The second season of The Toys That Made Us, produced by Brian Volk-Weiss expertly followed season one with another four episodes, these ones featuring the histories of Star Trek, Transformers, LEGO, and Hello Kitty. Keeping with the same humorous narration, season two was just as entertaining and informational as season one. Familiar faces from episodes from season one were brought back for more interviews, along with many new faces, including many international company executives, as the stories of Transformers, LEGO, and Hello Kitty began outside of America. If each episode was a piece of a large puzzle encompassing the toy industry, viewers can click four more pieces into place as the history of more classic toy lines are explored.
Season 2, Episode 1: Star Trek
Not to be confused with Star Wars, season two kicks off with an episode about Star Trek, which actually preceded Star Wars. Starting with its humble beginnings, viewers learn about Gene Roddenberry and his ideas for a sci-fi T.V. series. As the series was picked up and sold from company to company, it did not build much of a following, and unfortunately the license for toys never fell into the right company’s hands, as problems with production and marketing strategies led to upsetting consumers. Viewers hear from collectors, designers and sculptors, and company executives including Marty Abrams of Mego, David Galoob of Galoob Toys, and Todd McFarlane of McFarlane Toys about the rise and fall in popularity of the show and motion pictures, and how certain mistakes were made on the toy industry side of things. Though mishandled through the years, there is no doubt that Star Trek is cemented into the history of the toy industry as a significant and impactful brand.

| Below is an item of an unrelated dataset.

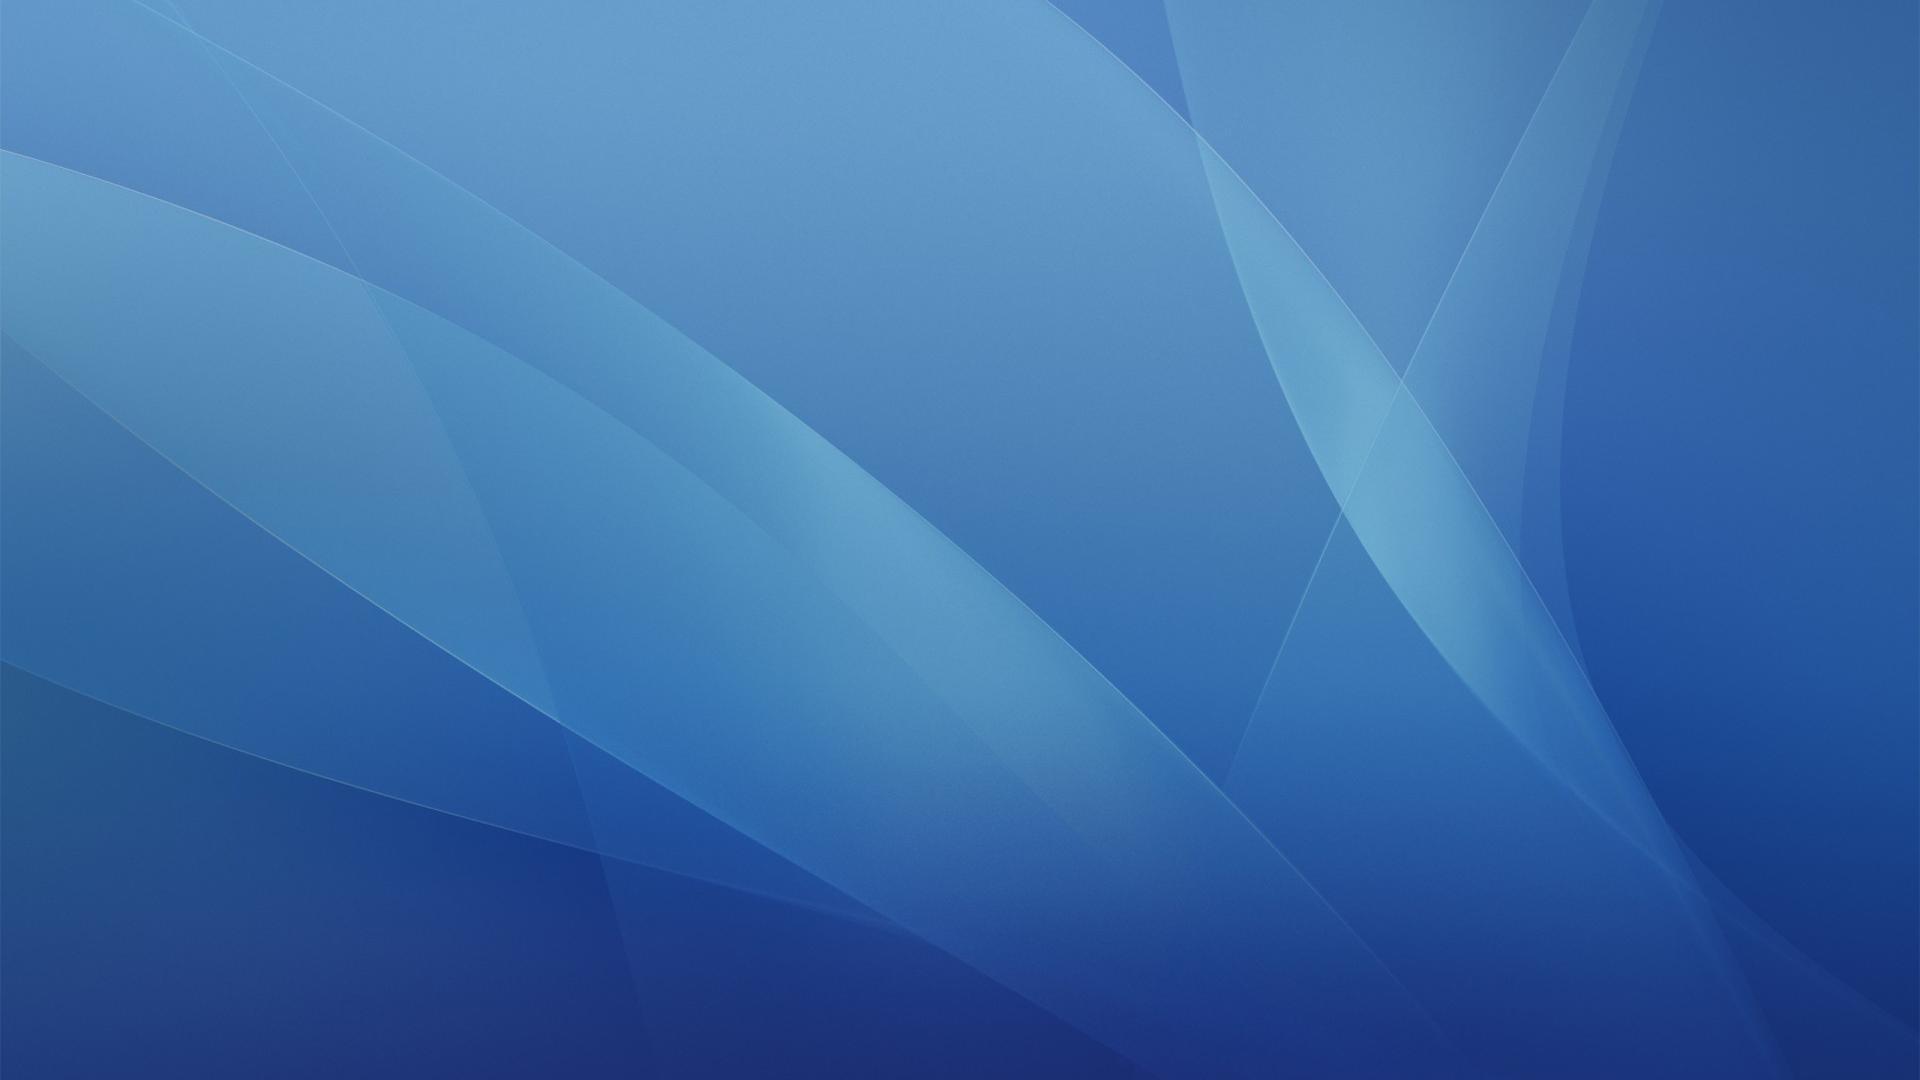 Blue HD 1920x1080 Wallpaper

Season 2, Episode 2: Transformers
Episode two tells the tale of transformers, which originated in Japan. After World War II, a partnership between the U.S. and Japan was created as the U.S. helped Japan get back on their feet. Tin cans were recycled from American military bases, and the tin was used to create toys. Transformers’ most basic origin is with Takara, a Japanese toy company that created Microman and Diaclone, brands that became Transformers in America. Hasbro relies on Bob Budianski to come up with character names and profiles for over 100 different characters as Transformers grows in popularity. Viewers hear from Bob Budianski himself about his experience working on Transformers, as well as Alan Hassenfled of Hasbro, Kohjin Ohno and Hideaki Yoke, designers for Takara, Peter Cullen, the voice of Optimus Prime, and many comic book writers, collectors, and other executives that worked on the line. As more movies came out, Transformers grew in popularity, and the revolutionary toys became household staples across America.
Season 2, Episode 3: LEGO
Episode three is all about LEGO, a toy that nearly every child has played with before. With its origins in Denmark, viewers learn about the Christiansen family, and how LEGO stayed a family business for three generations. The LEGO brick is legendary, and the LEGO system even more so. Bricks made in the 1950’s click into place with bricks made today, which is a core value in the LEGO company. As LEGO grew from four colors and models of towns to endless sets including licensed ones like Star Wars and Harry Potter, the management of the company was failing, leading LEGO towards bankruptcy. David Robertson, a professor an author, Kristian Reimer Hauge, a LEGO culture mediator, Bo Eggery, a LEGO senior designer, and many more executives, designers, and even children tell the story of LEGO’s success, downfall, reorganization, and cementation of its place in history as one of the most successful toy companies in history.
Season 2, Episode 4: Hello Kitty
In the final episode of season two, viewers learn about the Japanese toy company Sanrio, whose motto was “Small Gift, Big Smile.” Shintaro Tsuji, affectionally known as Papa Tsuji, created the company based on ideas of “Kawaii,” the Japanese word for cute. Sanrio created hundreds of characters, however its most popular is definitely Hello Kitty. First pictured on a coin purse, Hello Kitty has evolved into an icon, with her face licensed to hundreds of companies. A phenomenon that represents the embracing of kawaii, Papa Tsuji, Yuko Yamaguchi, known as “Kitty Mama,” and many more famous faces, including Paris Hilton and Kimora Lee Simmons, tell the story of Hello Kitty’s evolution from a character in the Sanrio world to an international brand that changed the lives of so many people with her three core messages: you should be loved, and you need to be nice to others to be loved, everyone should get along with one another, and the importance of expressing oneself through actions over words.